Hi,
On 2024-04-11 23:15:38 -0400, Tom Lane wrote:
> I wrote:
> > ... But Robert's question remains: how does
> > PANIC'ing after awhile make anything better? I flat out don't
> > believe the idea that having a backend stuck on a spinlock
> > would otherwise go undetected.
>
> Oh, wait. After thinking a bit longer I believe I recall the argument
> for this behavior: it automates recovery from a genuinely stuck
> spinlock. If we waited forever, the only way out of that is for a
> DBA to kill -9 the stuck process, which has exactly the same end
> result as a PANIC, except that it takes a lot longer to put the system
> back in service and perhaps rousts somebody, or several somebodies,
> out of their warm beds to fix it. If you don't have a DBA on-call
> 24x7 then that answer looks even worse.
Precisely. And even if you have a DBA on call 24x7, they need to know that
they need to react to something.
Today you can automate getting notified of crash-restarts, by using
restart_after_crash = false
and restarting somewhere outside of postgres.
Imo that's the only sensible setting for larger production environments,
although I'm sure not everyone agrees with that.
> So there's that.

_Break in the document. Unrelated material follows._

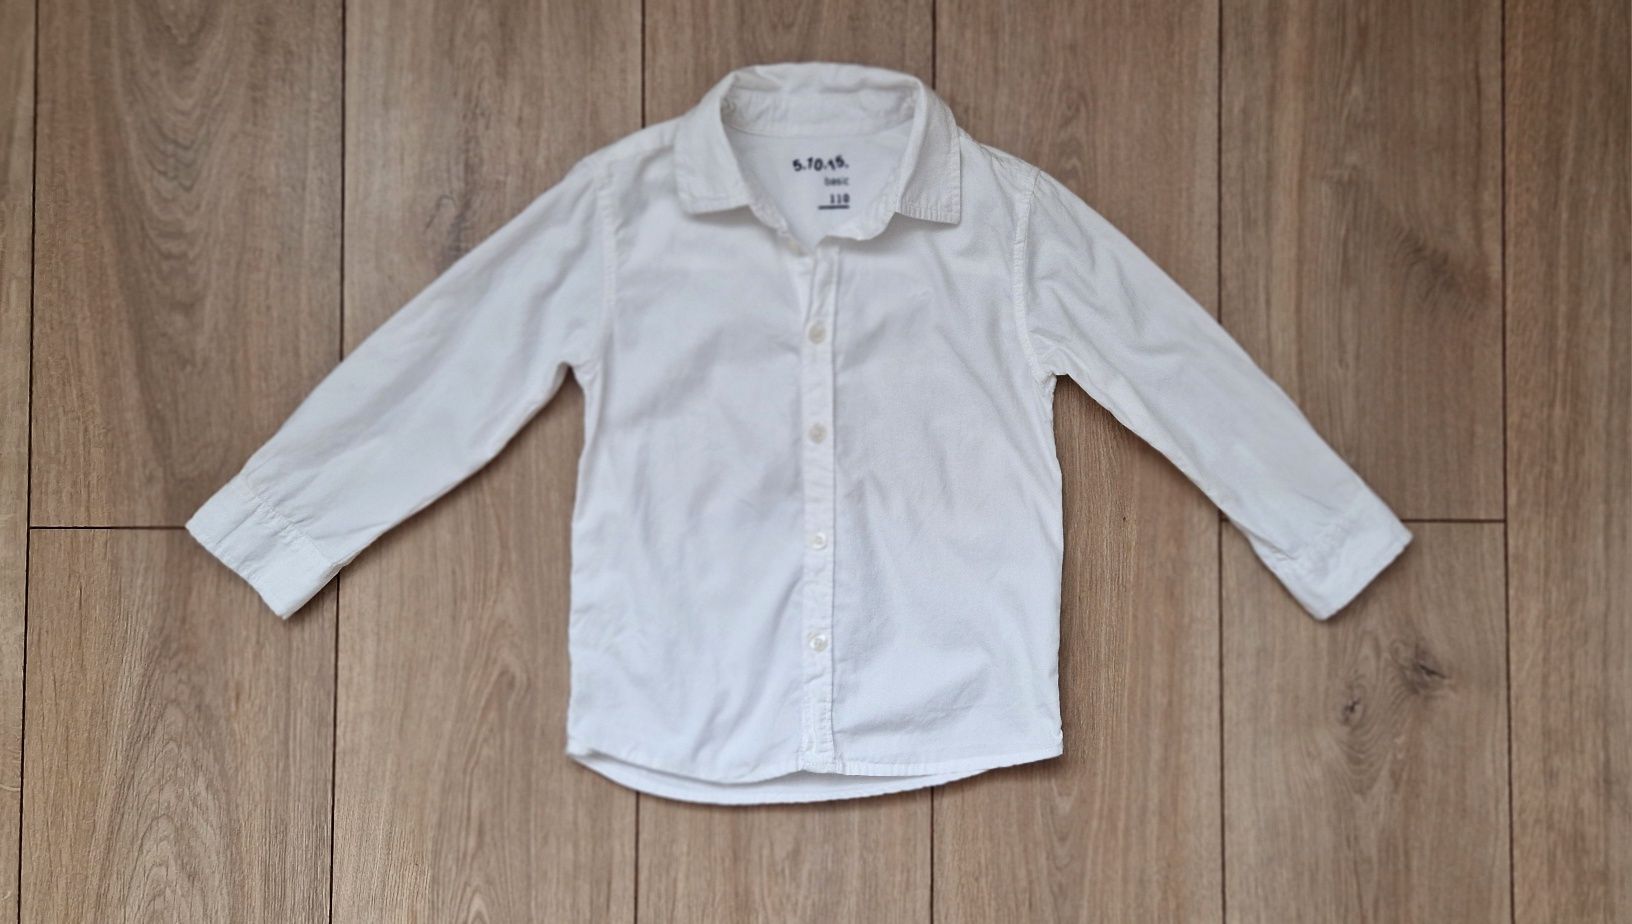 Biała koszula dla chłopca, 5.10.15, długi rękaw 110 cm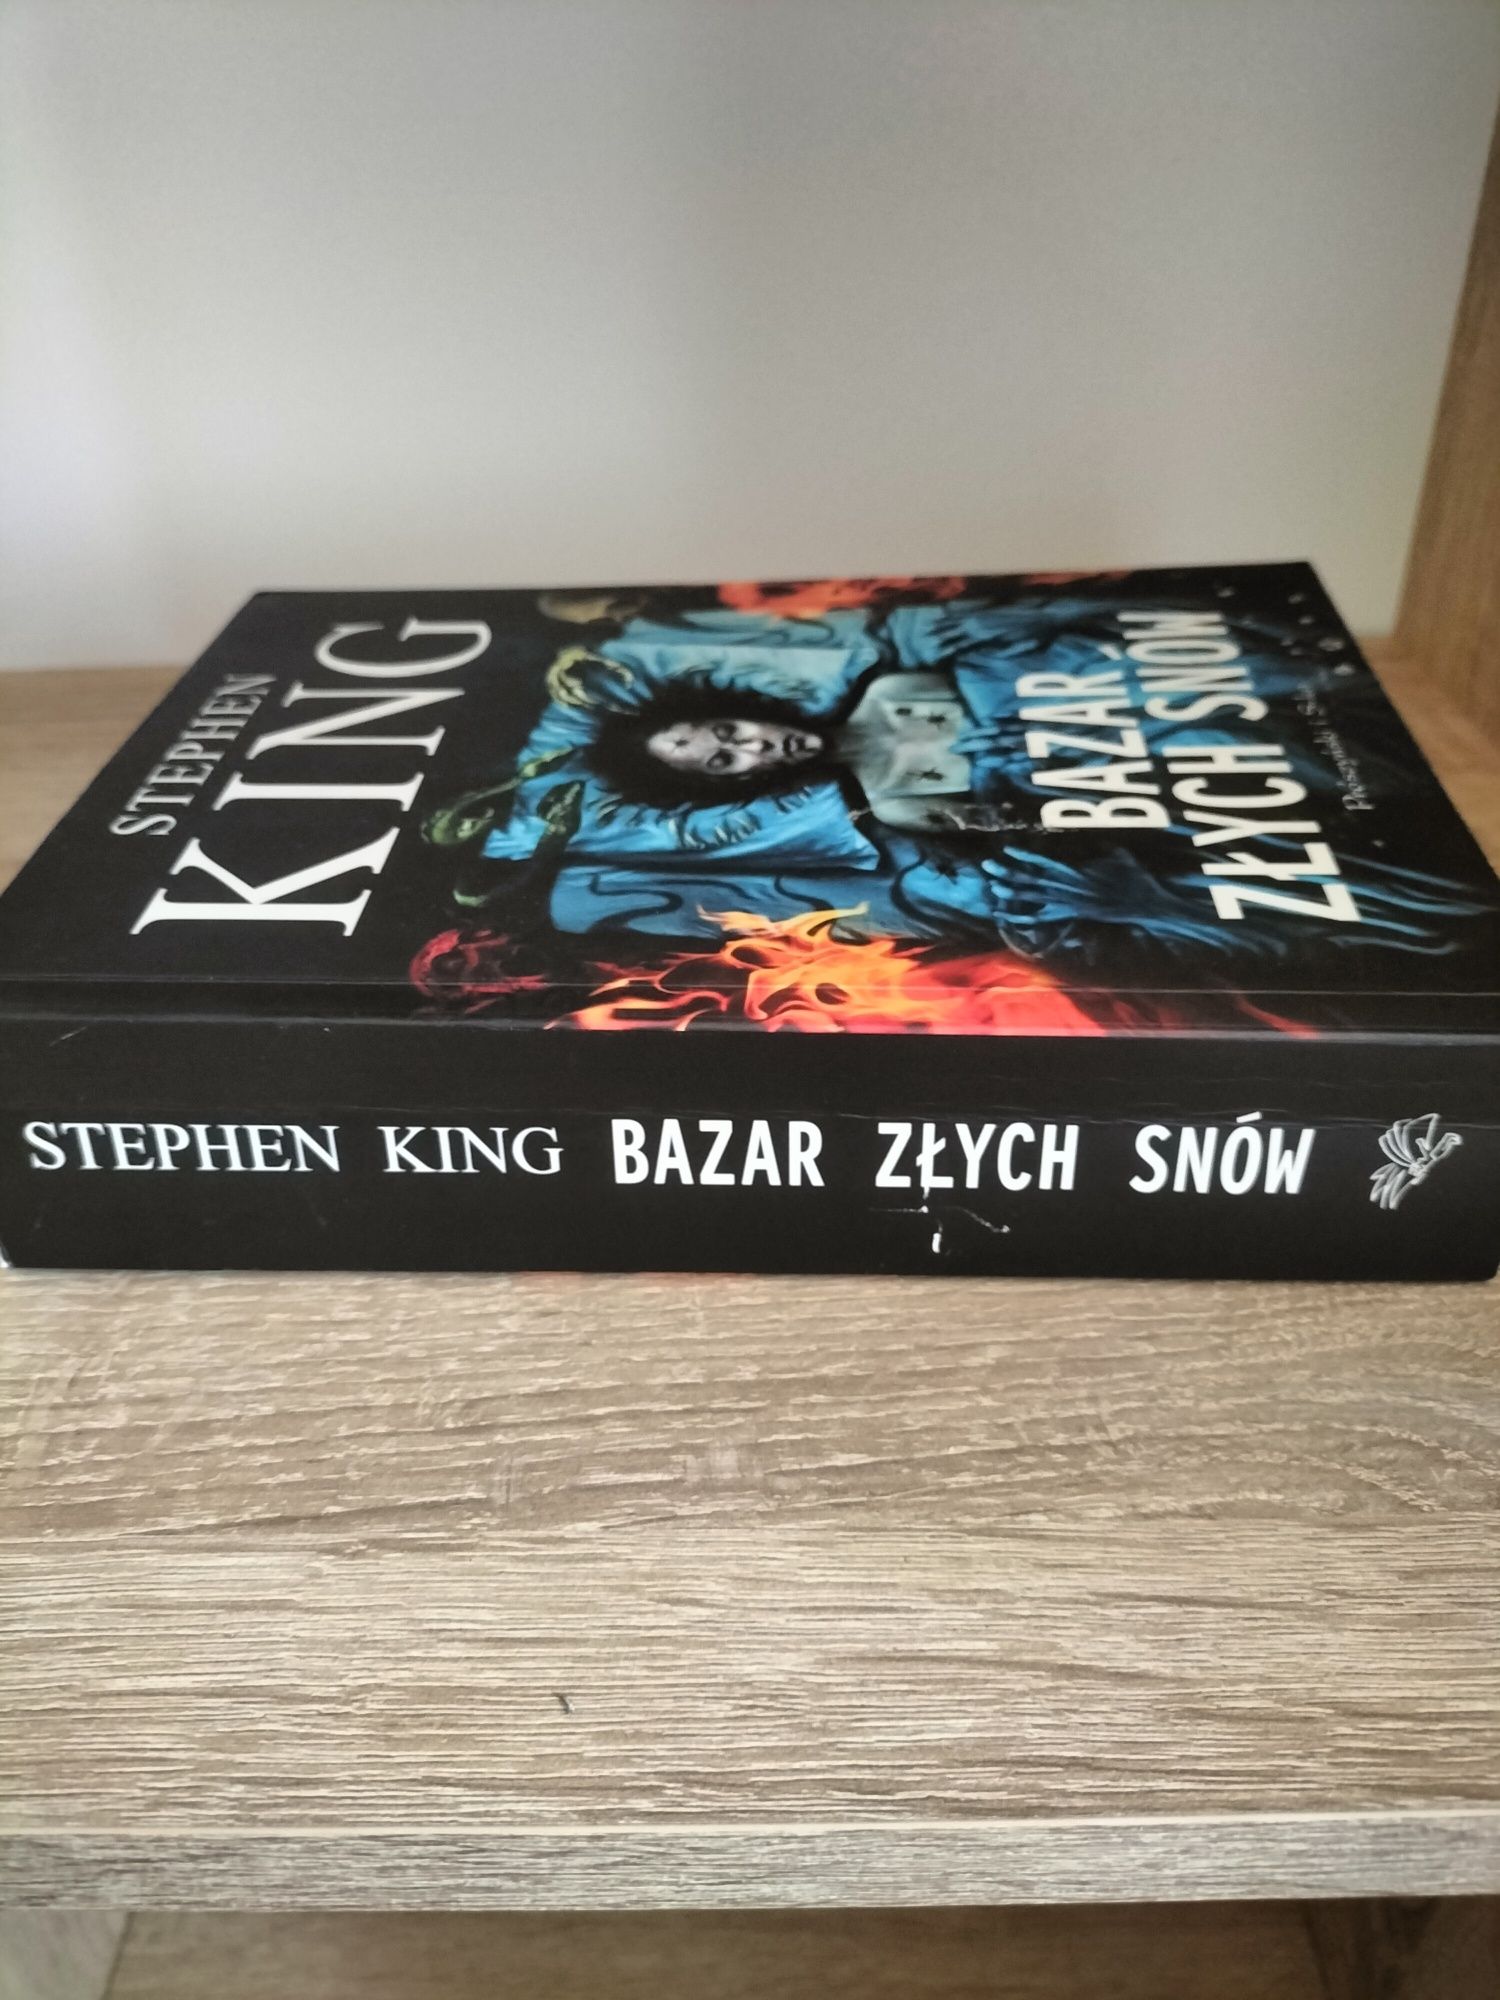 Stephen King Bazar złych snów

But that's not an argument that we need to be in a
> hurry to timeout; if the built-in reaction time is less than perhaps
> 10 minutes you're still miles ahead of the manual solution.
The current timeout is of a hard to determine total time, due to the
increasing and wrapping around wait times, but it's normally longer than 60s,
unless you're interrupted by a lot of signals. 1000 sleeps between 1000 and
1000000 us.
I think we should make the timeout something predictable and probably somewhat
longer.
> On the third hand, it's still true that we have no comparable
> behavior for any other source of system lockups, and it's difficult
> to make a case that stuck spinlocks really need more concern than
> other kinds of bugs.
Spinlocks are somewhat more finnicky though, compared to e.g. lwlocks that are
released on error. Lwlocks also take e.g. care to hold interrupts so code
doesn't just jump out of a section with lwlocks held.
Greetings,
Andres Freund